ScottTargetTestPrep wrote:

carcass wrote:

If the sum of the reciprocals of two consecutive odd integers is 12/35 then the greater of the two integers is

A. 3

B. 5

C. 7

D. 9

E. 11

We can let the first odd integer = x and the next odd integer = x + 2; thus, the reciprocals are 1/x and 1/(x + 2).
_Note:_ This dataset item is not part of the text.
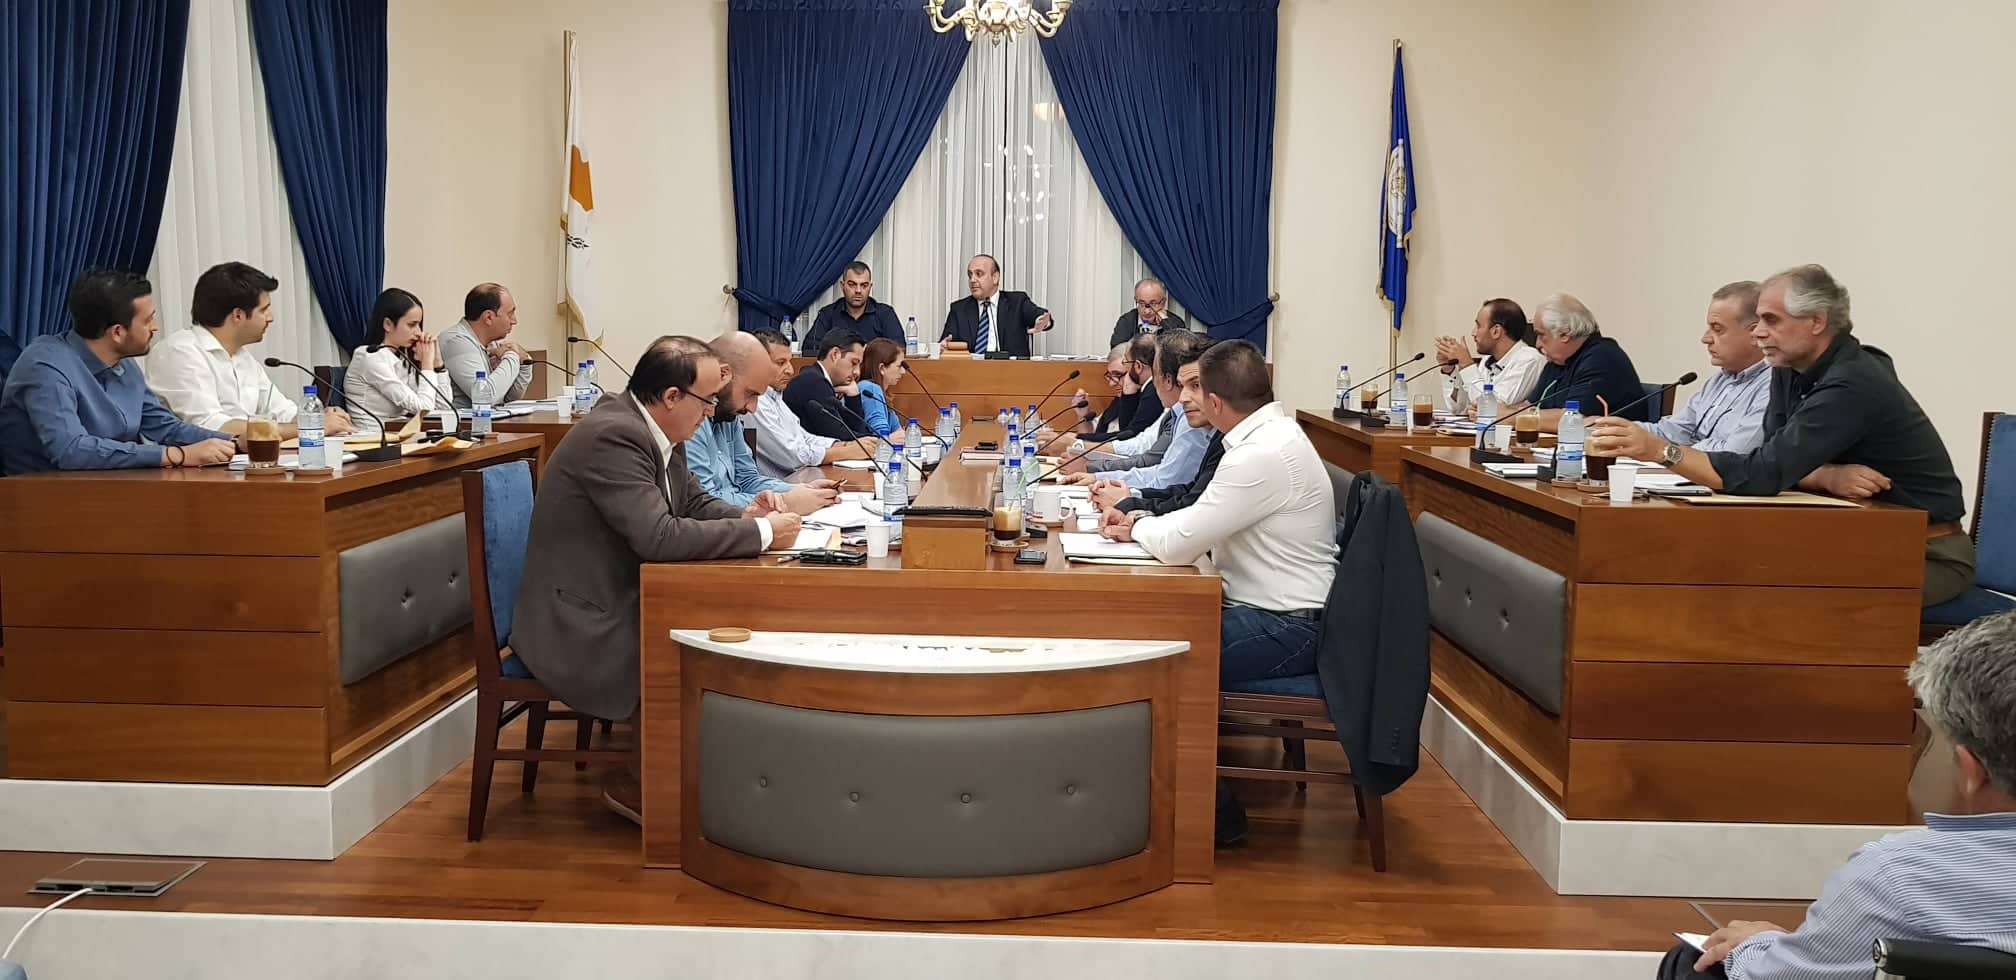 Δήμος Πάφου: Επί τάπητος ξανά ο προϋπολογισμός - Έντονο παρασκήνιο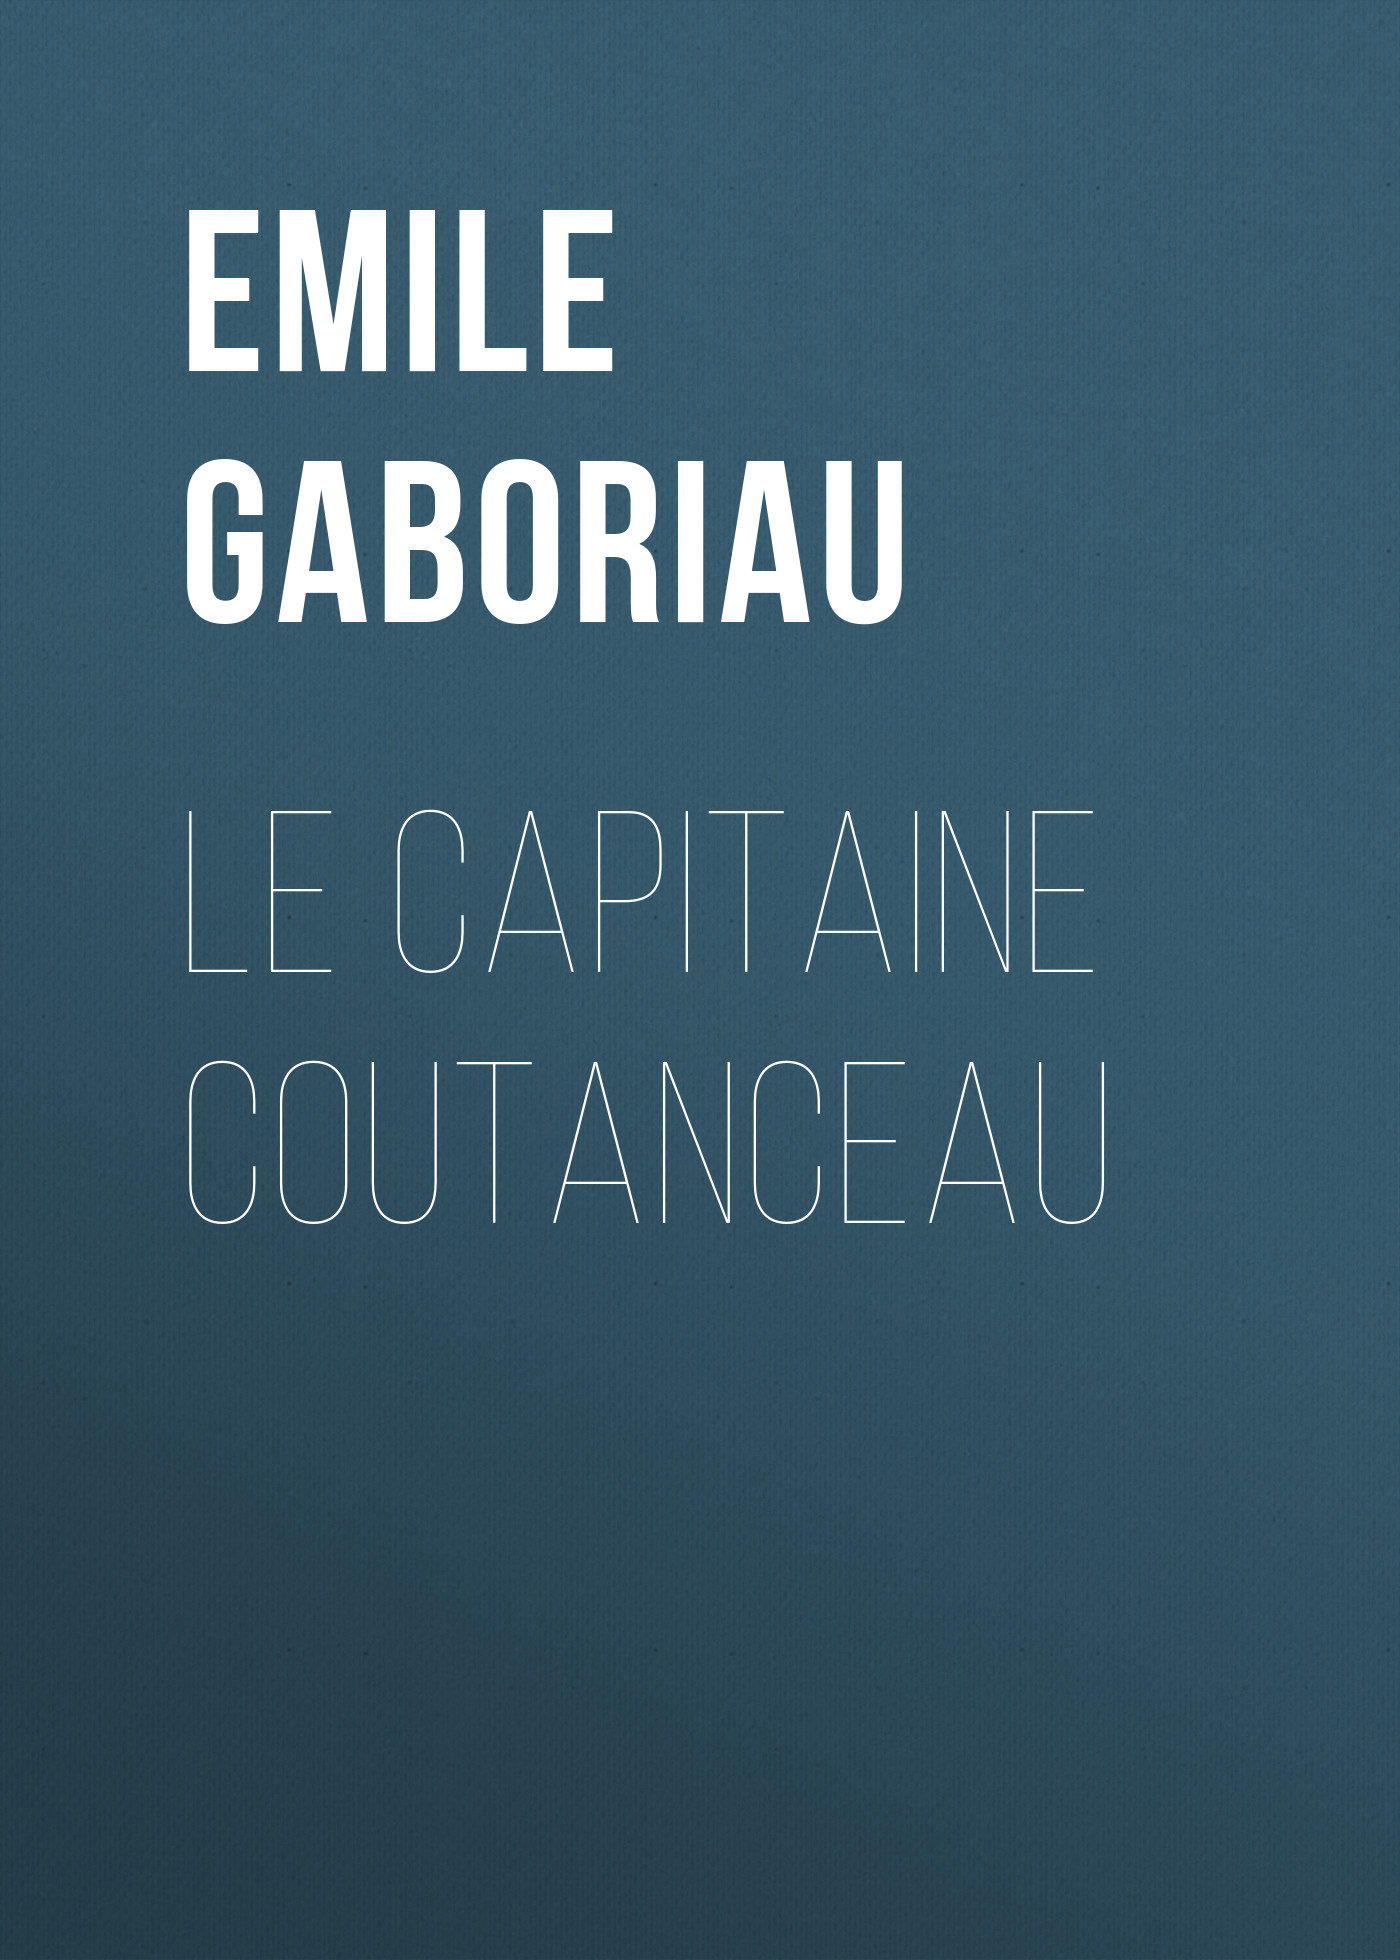 Книга Le capitaine Coutanceau из серии , созданная Emile Gaboriau, может относится к жанру Зарубежная старинная литература, Зарубежная классика. Стоимость электронной книги Le capitaine Coutanceau с идентификатором 24860363 составляет 0 руб.

Thus:

1/x + 1/(x+2) = 12/35

Multiplying by 35x(x+2), we have:

35(x + 2) + 35x = 12x(x + 2)

35x + 70 + 35x = 12x^2 + 24x

12x^2 - 46x - 70 = 0

6x^2 - 23x - 35 = 0

(6x + 7)(x - 5) = 0

Thus, x = -7/6 or x = 5.

Since x is an integer, x must be 5 and the greater integer is x + 2 = 7.

Alternate solution:

We are given that the sum of the reciprocals of two consecutive odd integers is 12/35. We see that the denominator is 35. It’s not difficult to conjecture that the integers have to be 5 and 7 since 5 x 7 = 35. Finally, we can check the sum of 1/5 and 1/7 to see if they sum to 12/35:

1/5 + 1/7 = 7/35 + 5/35 = 12/35

Since they do add up to 12/35, the larger integer is 7.

Answer: C

I used the alternative route for this one but I was wondering if you could elaborate on whether there are any tips/tricks to dealing with messy quadratics, those that have a constant (for my purposes, I'm referring to a constant >1) in front of the x^2 term, since it's less straight forward and more time-consuming to figure out the roots in those situations?

I get that for quadratics with no constant in front of the x^2 term, we can use the "sum" and "product" rules to quickly figure out the form of the two roots in our head but the "sum" rule doesn't hold when we have a constant in front of the x^2 term, only the "product" rule does....I know you could technically plug values into the quadratic equation to figure out the roots but that's not a viable gmat approach so just trying to figure out what I'm missing that is keeping me from quickly solving these sorts of quadratics such as 6x^2 - 23x - 35 = 0.